%%
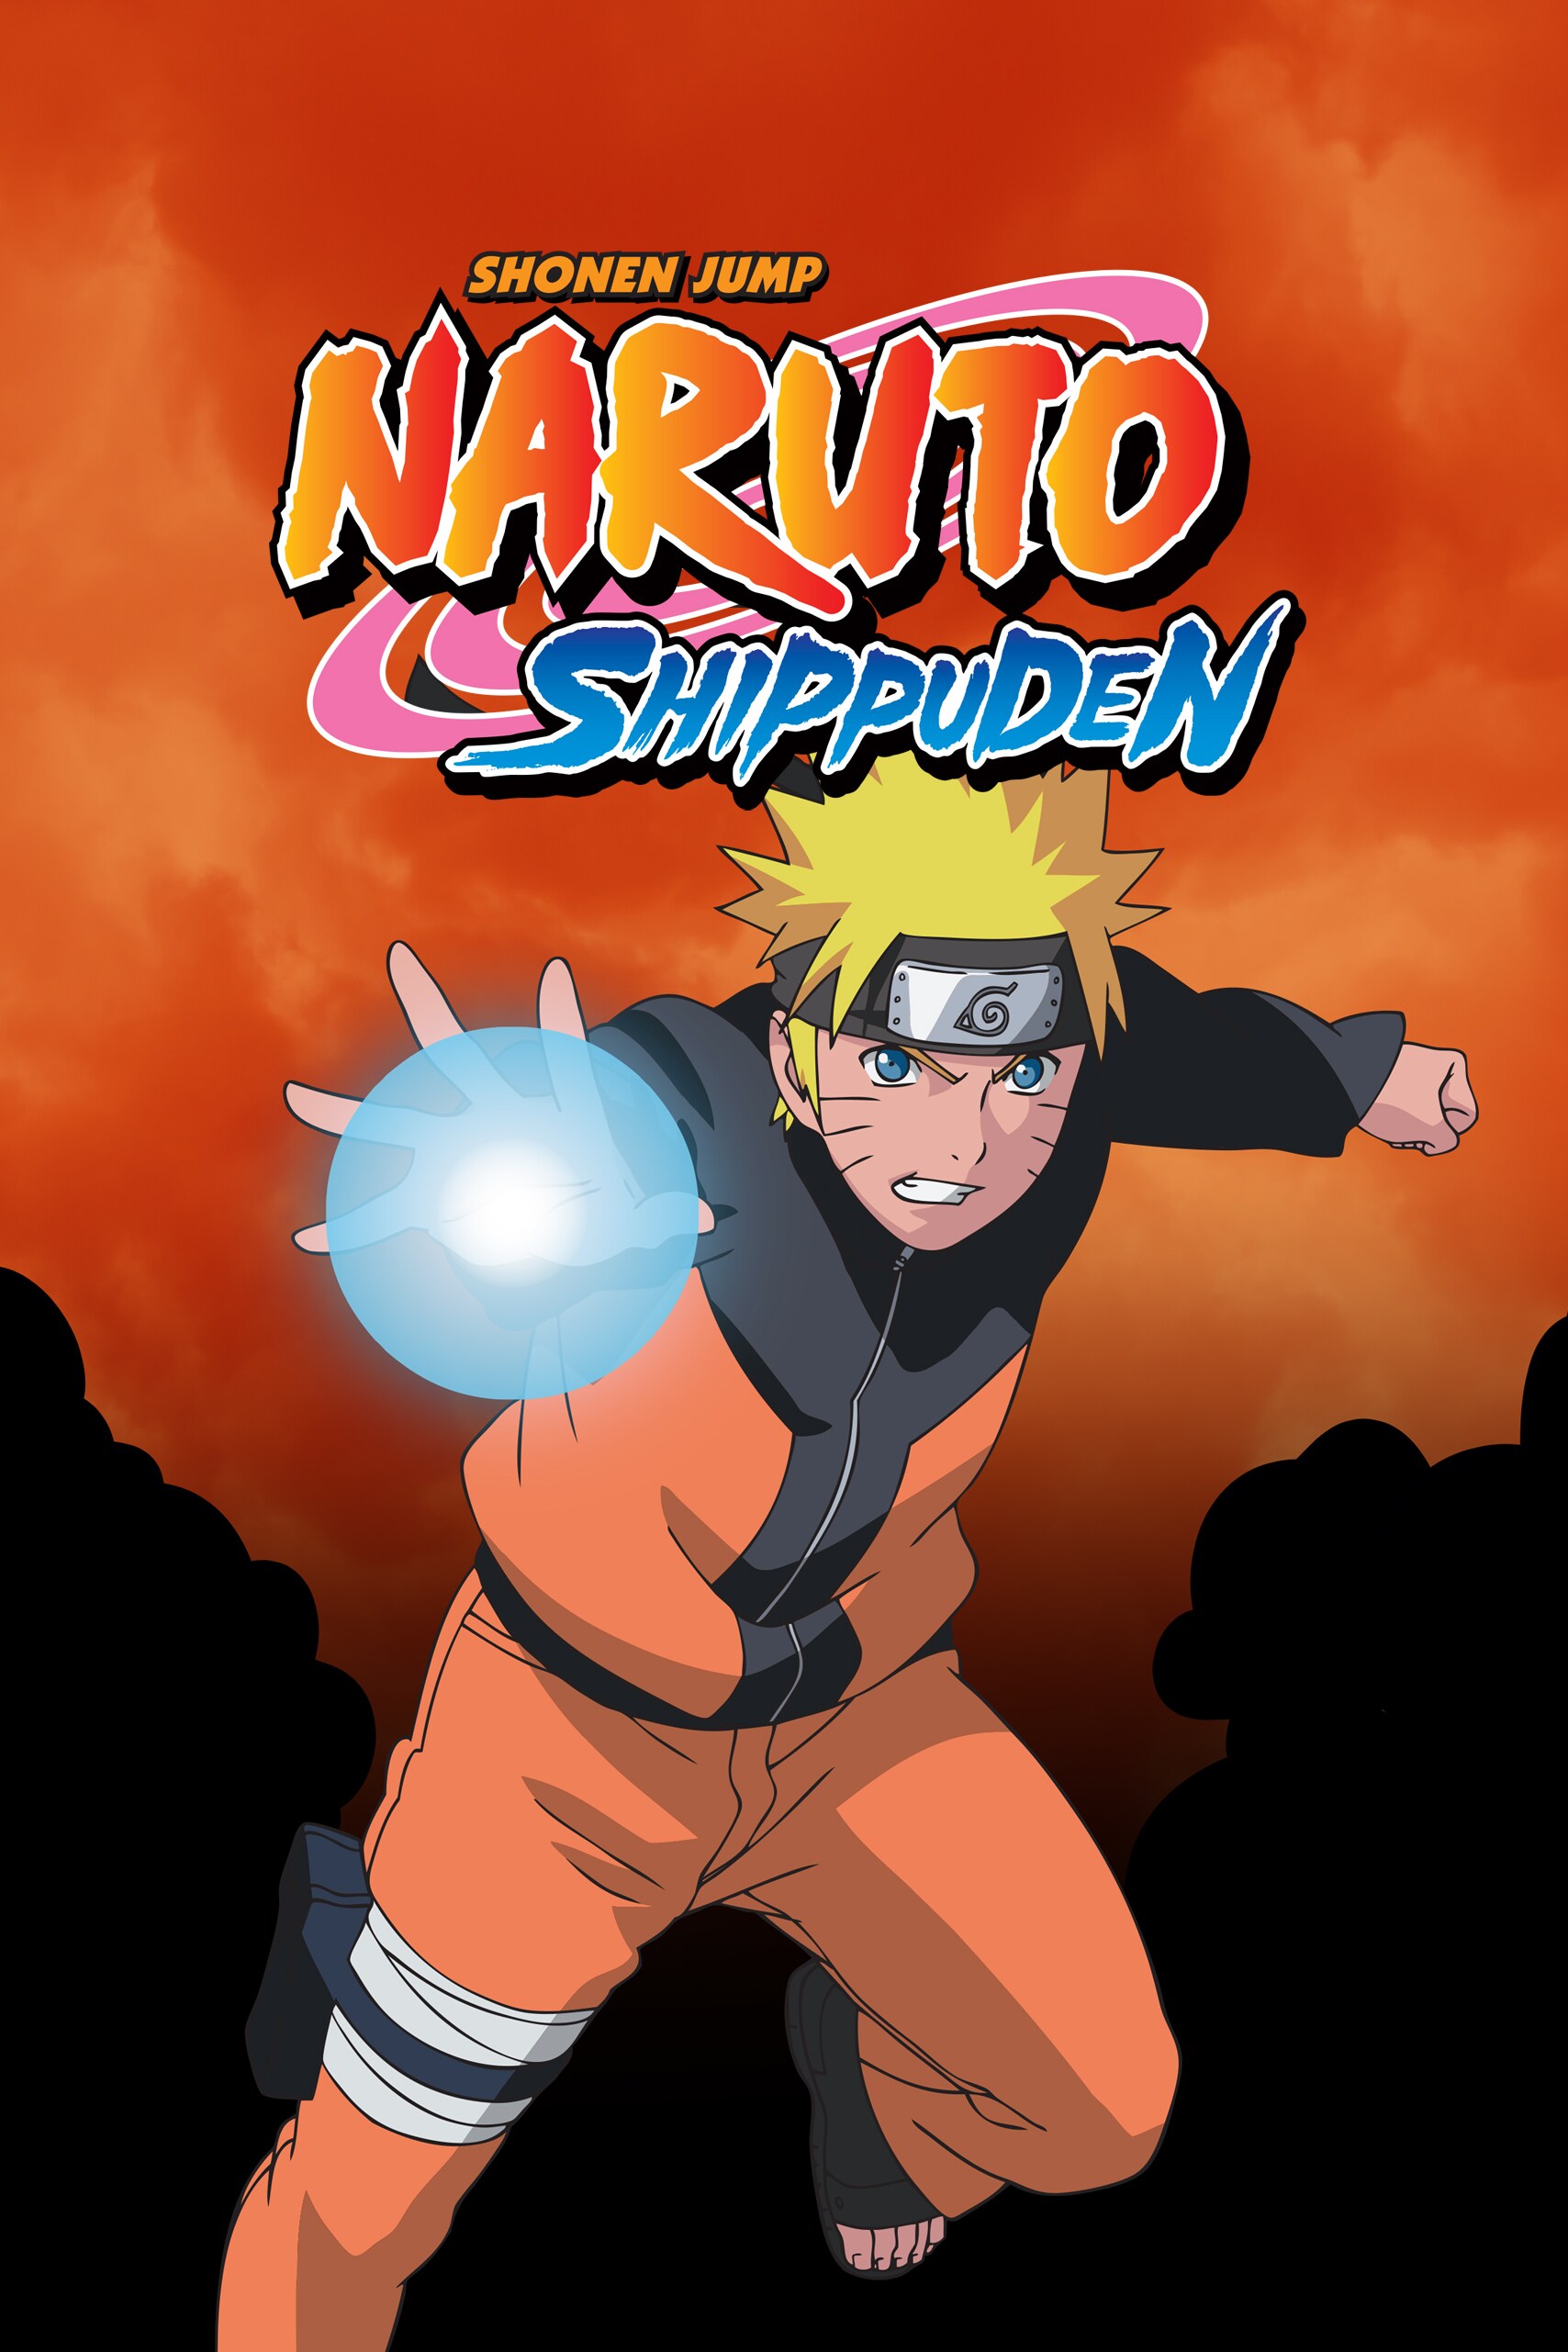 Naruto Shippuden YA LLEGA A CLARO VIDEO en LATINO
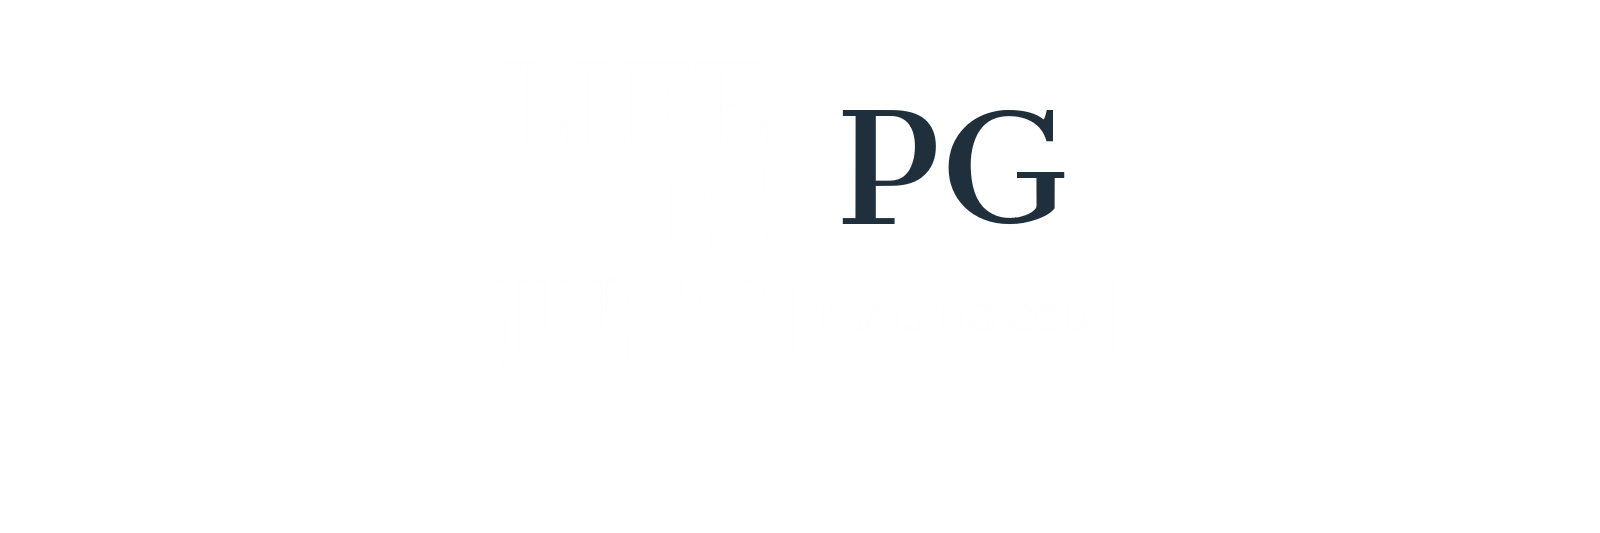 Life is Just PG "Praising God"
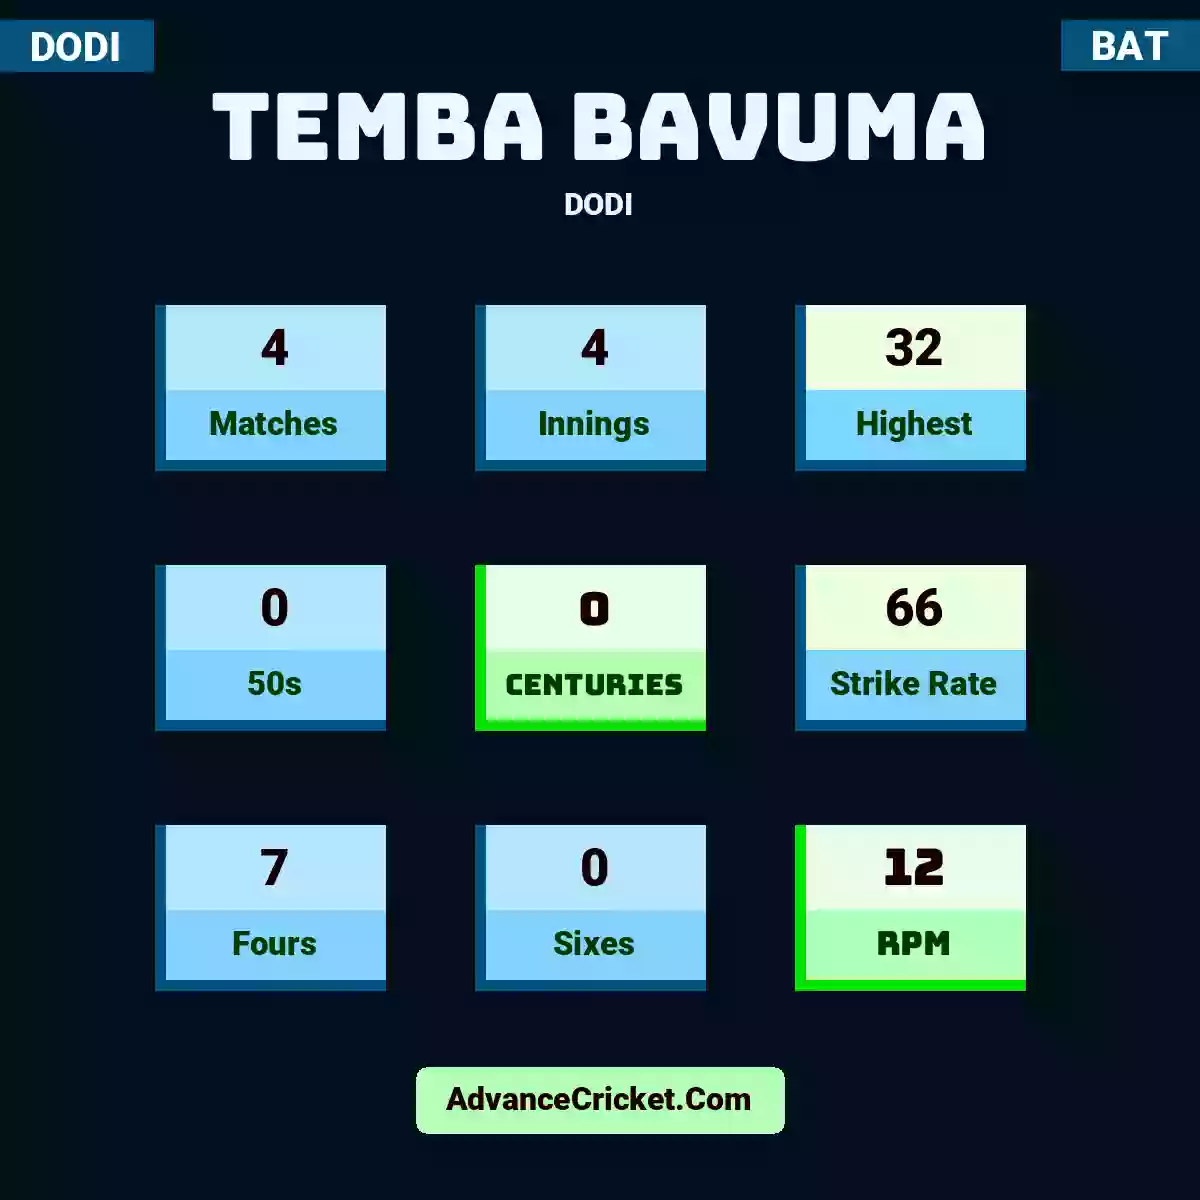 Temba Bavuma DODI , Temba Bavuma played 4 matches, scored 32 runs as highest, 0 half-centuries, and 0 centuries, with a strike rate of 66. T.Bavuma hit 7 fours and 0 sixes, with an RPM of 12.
%%
→ Description of the task: Please reproduce the listing exactly, leaving out any pictures.

→ Exercise solution:
 Naruto Shippuden YA LLEGA A CLARO VIDEO en LATINO
 Life is Just PG "Praising God"
 Temba Bavuma DODI , Temba Bavuma played 4 matches, scored 32 runs as highest, 0 half-centuries, and 0 centuries, with a strike rate of 66. T.Bavuma hit 7 fours and 0 sixes, with an RPM of 12.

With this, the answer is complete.